Data:

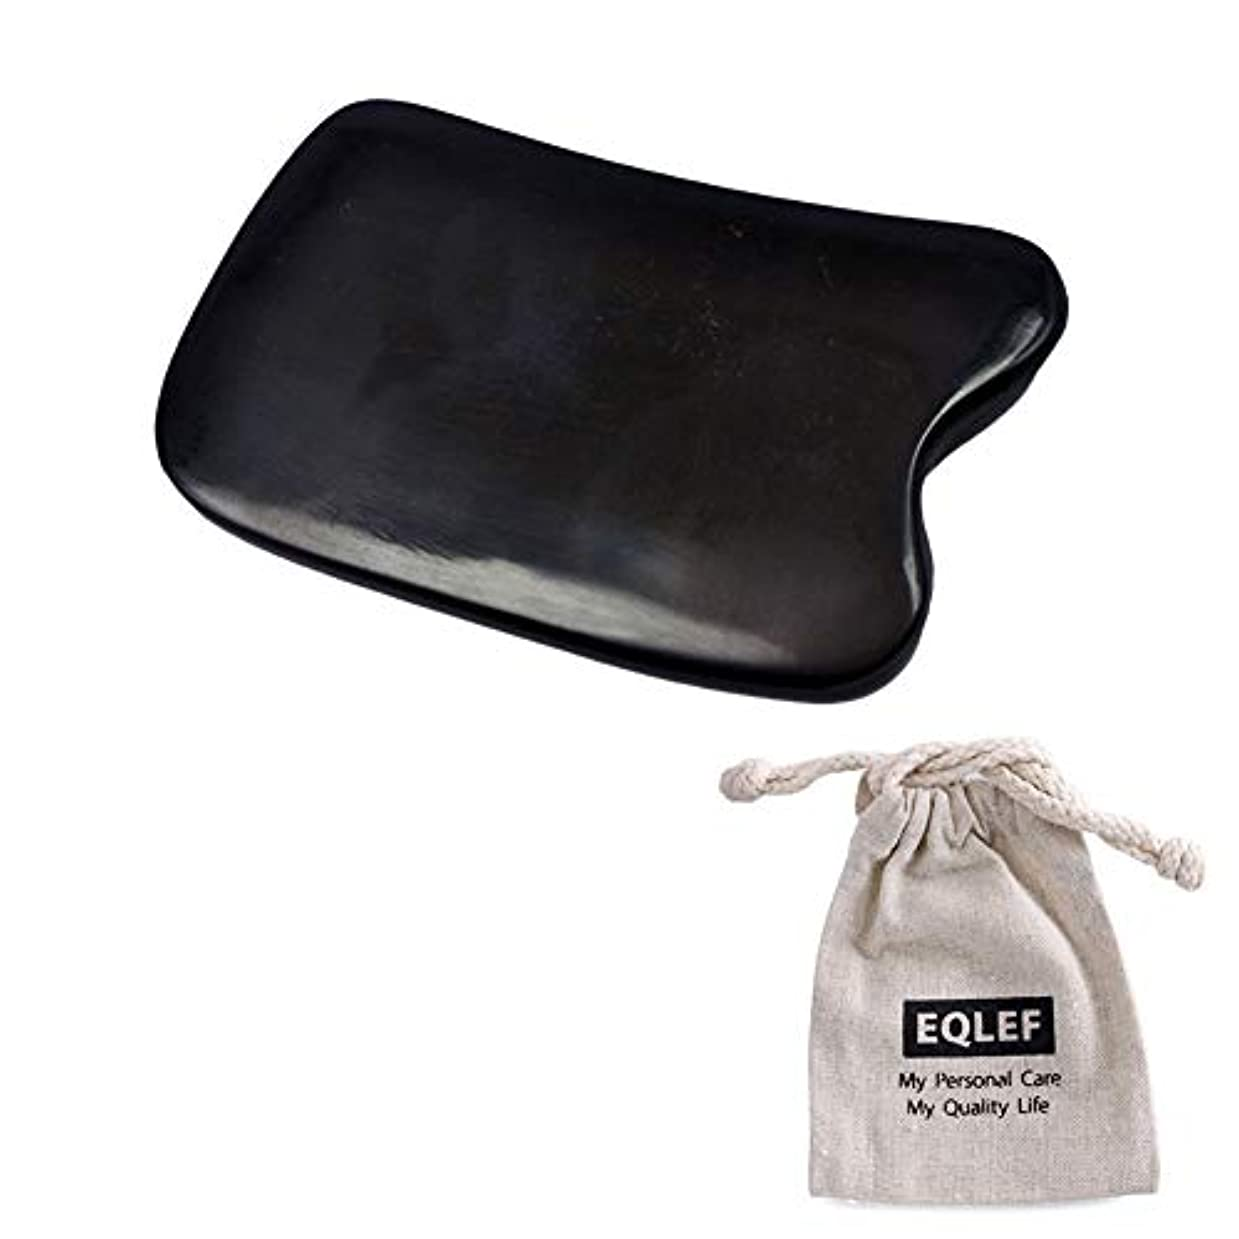 コメントグラス石鹸牛角カッサ カッサボード カッサマッサージ道具 プロも使っている なめらか仕上げの牛角かっさプレート 角形
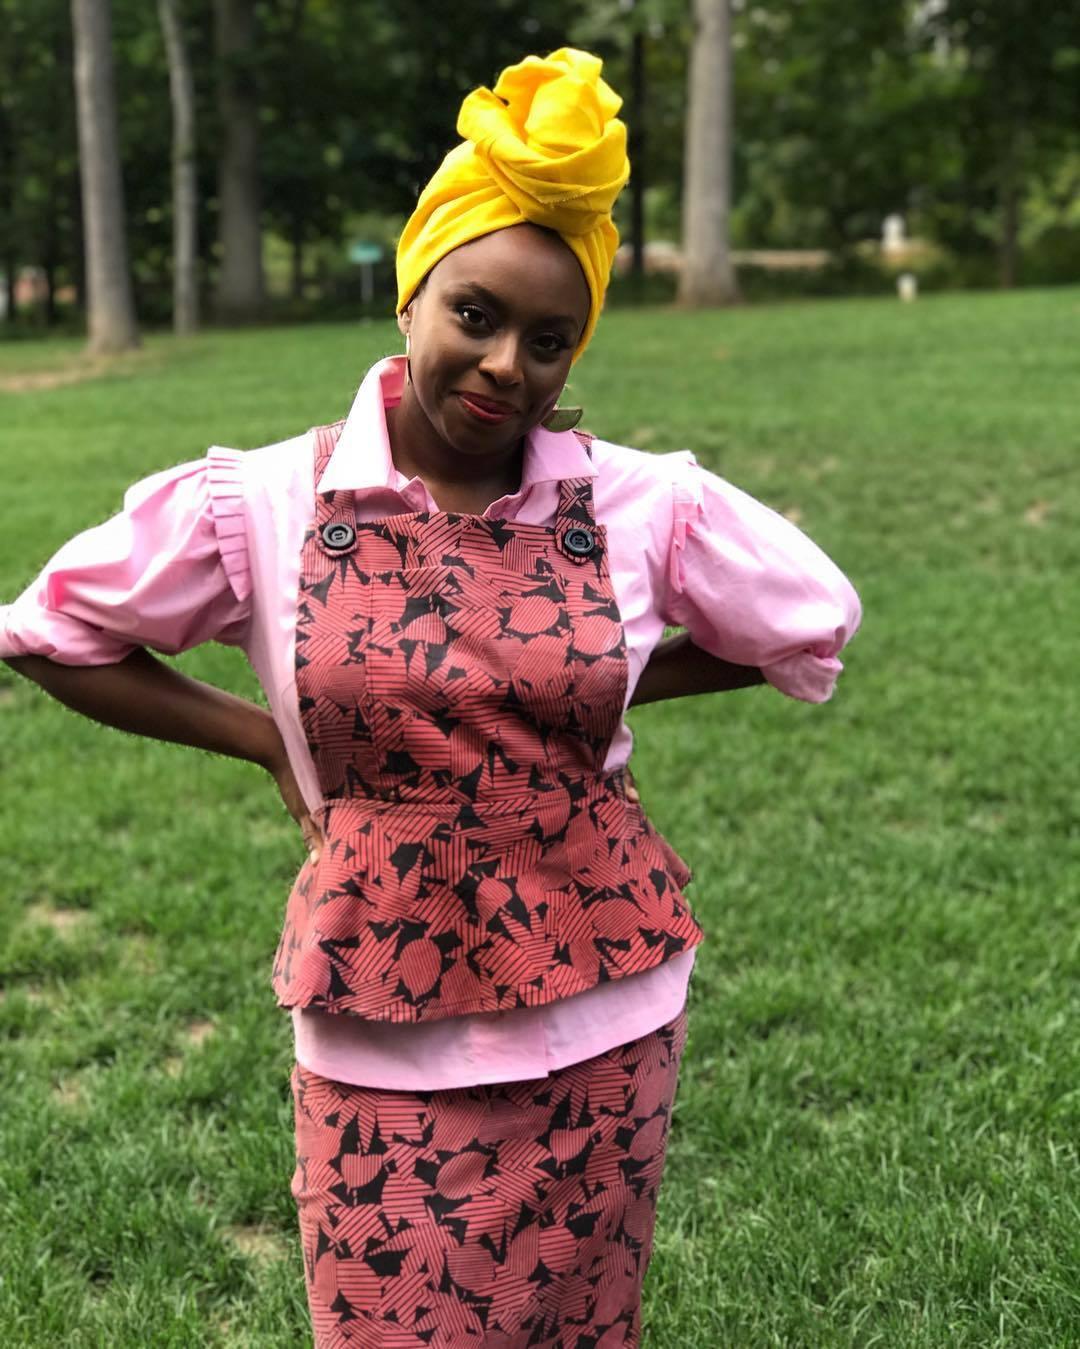 Chimamanda Ngozi en una imagen de su cuenta de Instagram
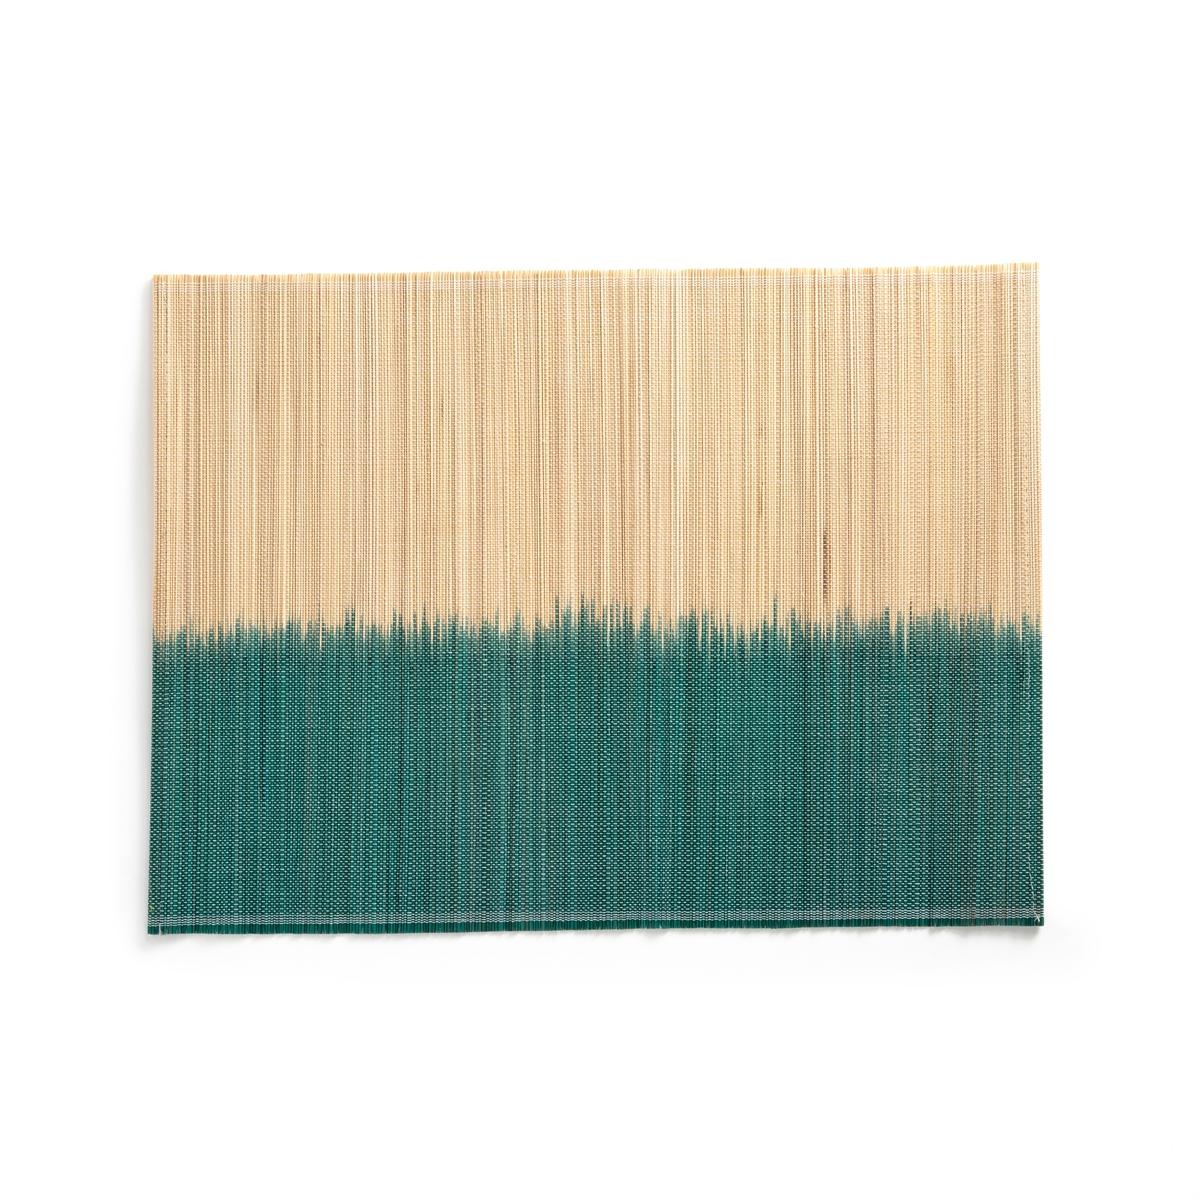 Комплект из 4 подложек под приборы из бамбука, DAYEM набор подложек под столовые приборы феникс презент чашка чая 45 см х 30 см 4 шт 37380
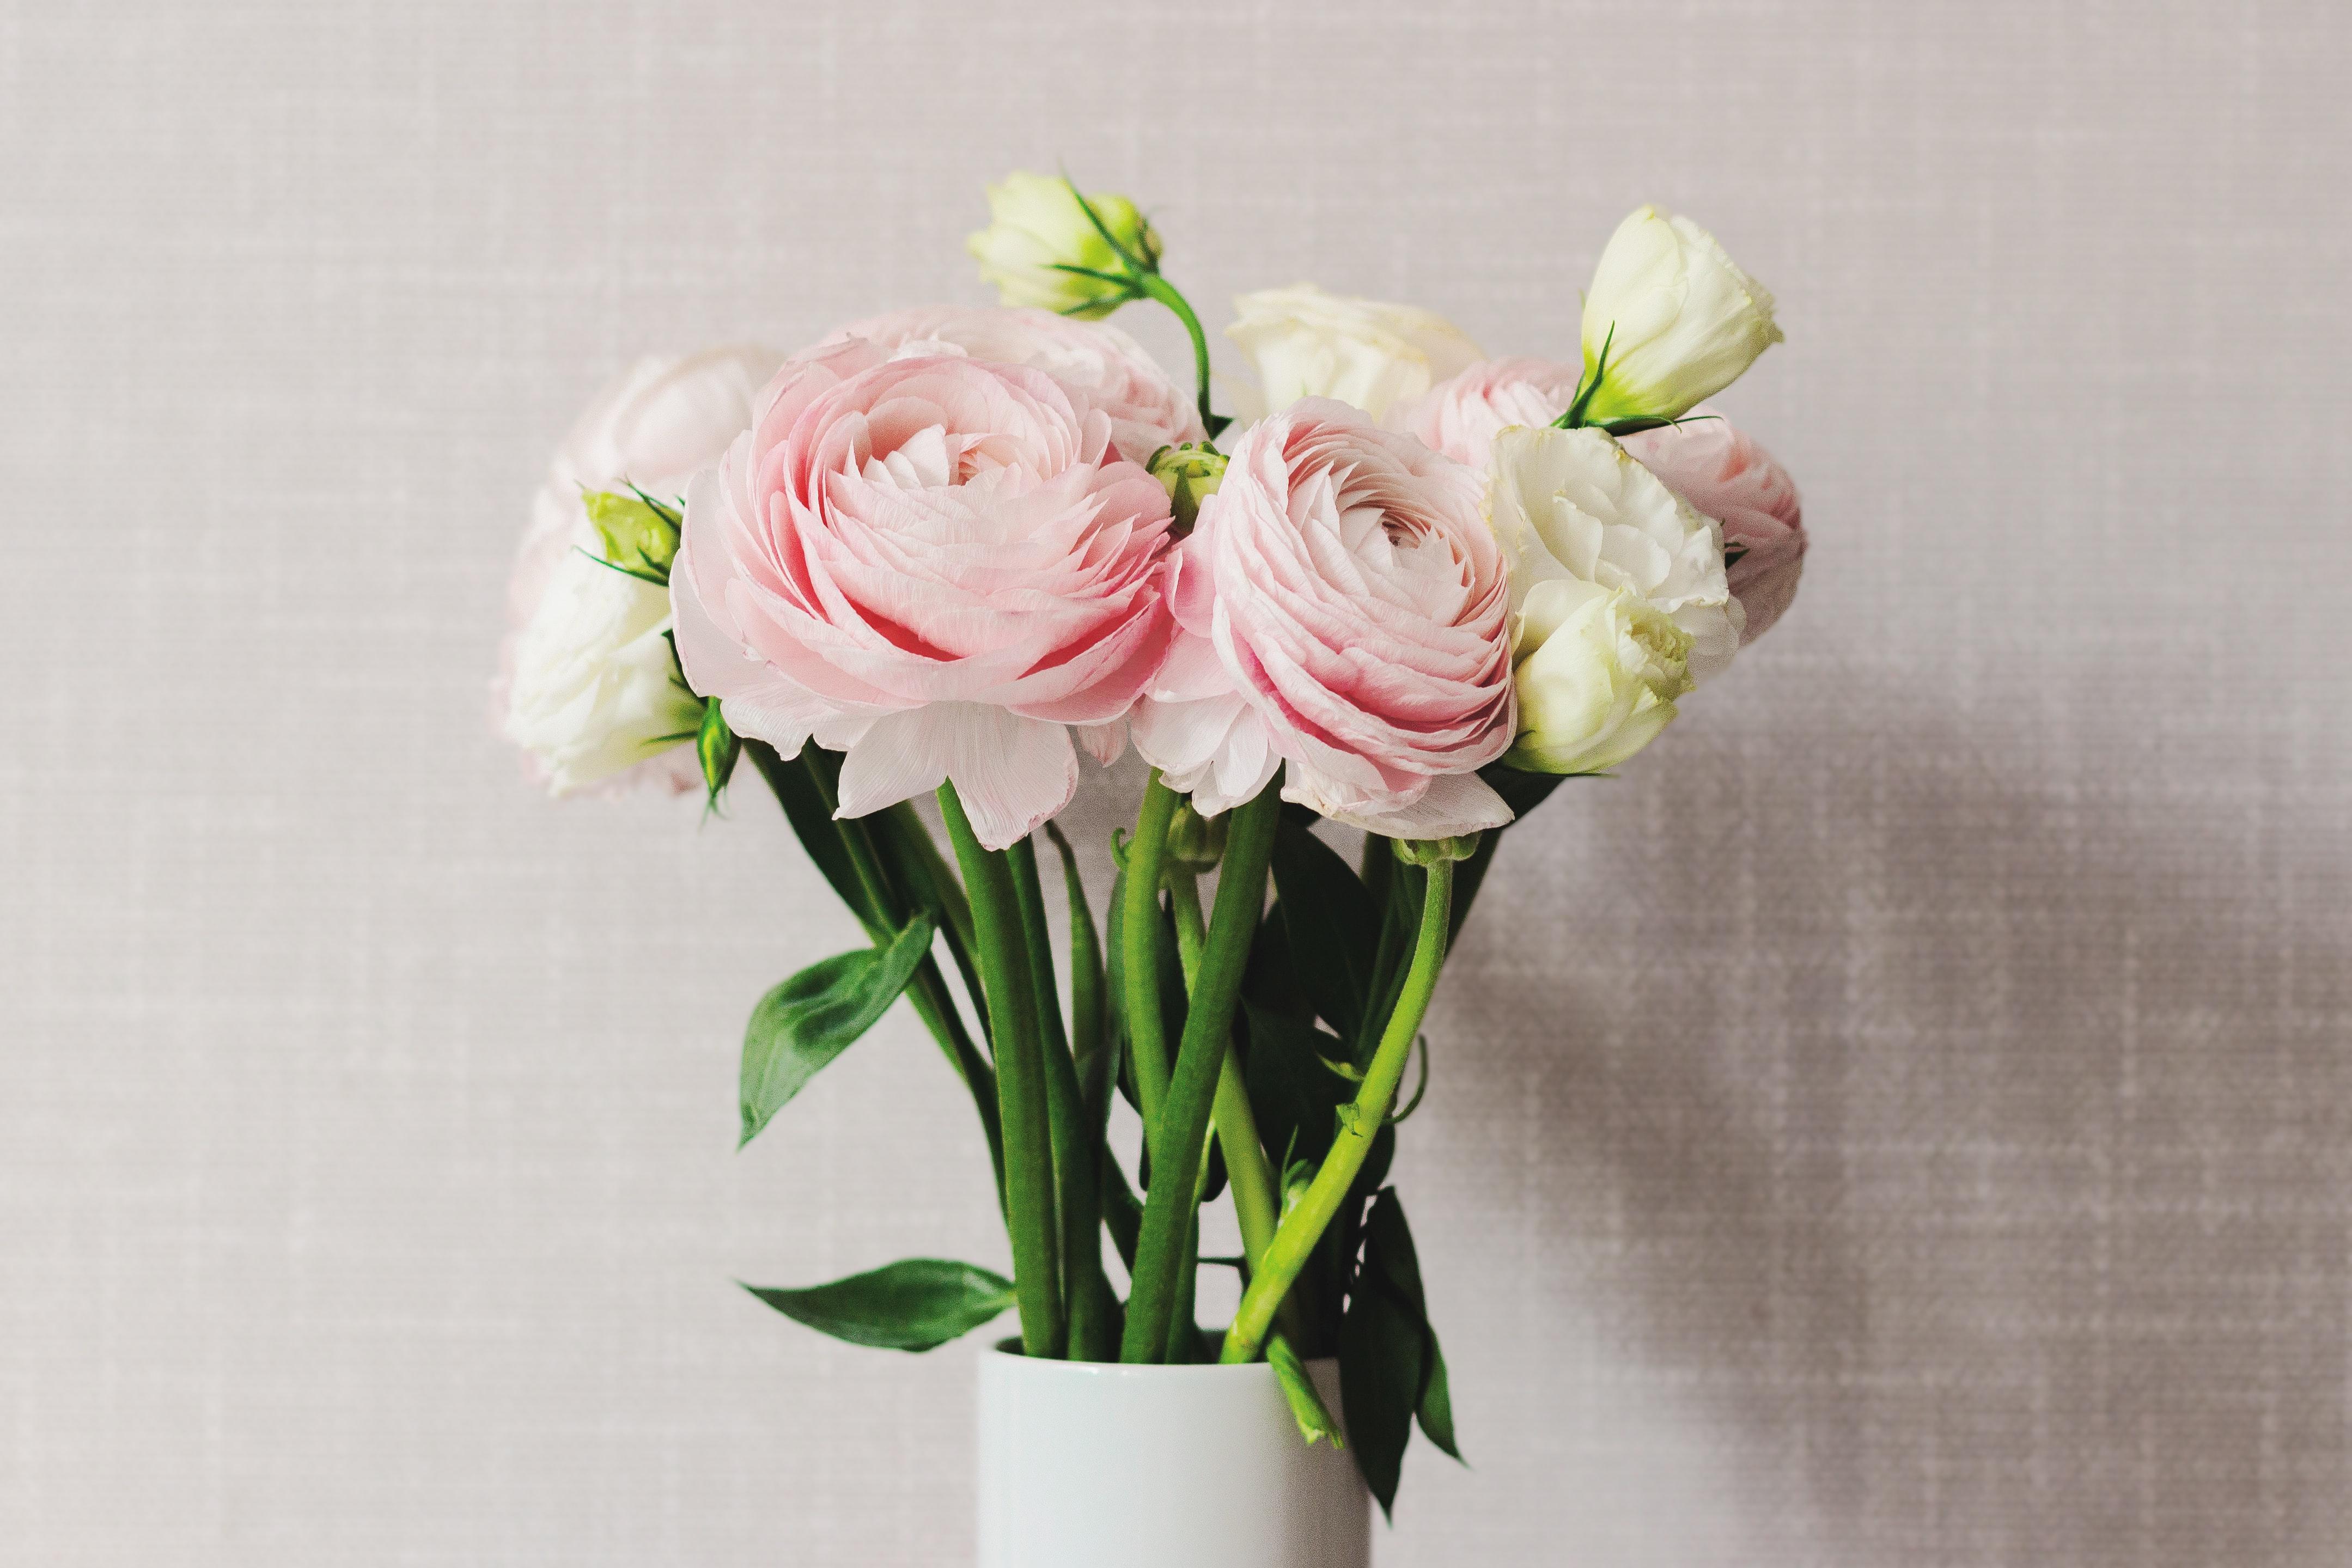 在宅ワークが多くっているいま、ホッと一息つきたいときに、お花の力を頼ってみてはいかがでしょう。ラナンキュラスは明るい色のものが多数あり、ワークデスクの隅に置いておけばきっと元気をもらえるはず。

Task to carry out: Everything in the listing except the pictures must be reproduced exactly.

Answer space:
 コメントグラス石鹸牛角カッサ カッサボード カッサマッサージ道具 プロも使っている なめらか仕上げの牛角かっさプレート 角形
 Chimamanda Ngozi en una imagen de su cuenta de Instagram
 Комплект из 4 подложек под приборы из бамбука, DAYEM набор подложек под столовые приборы феникс презент чашка чая 45 см х 30 см 4 шт 37380
 在宅ワークが多くっているいま、ホッと一息つきたいときに、お花の力を頼ってみてはいかがでしょう。ラナンキュラスは明るい色のものが多数あり、ワークデスクの隅に置いておけばきっと元気をもらえるはず。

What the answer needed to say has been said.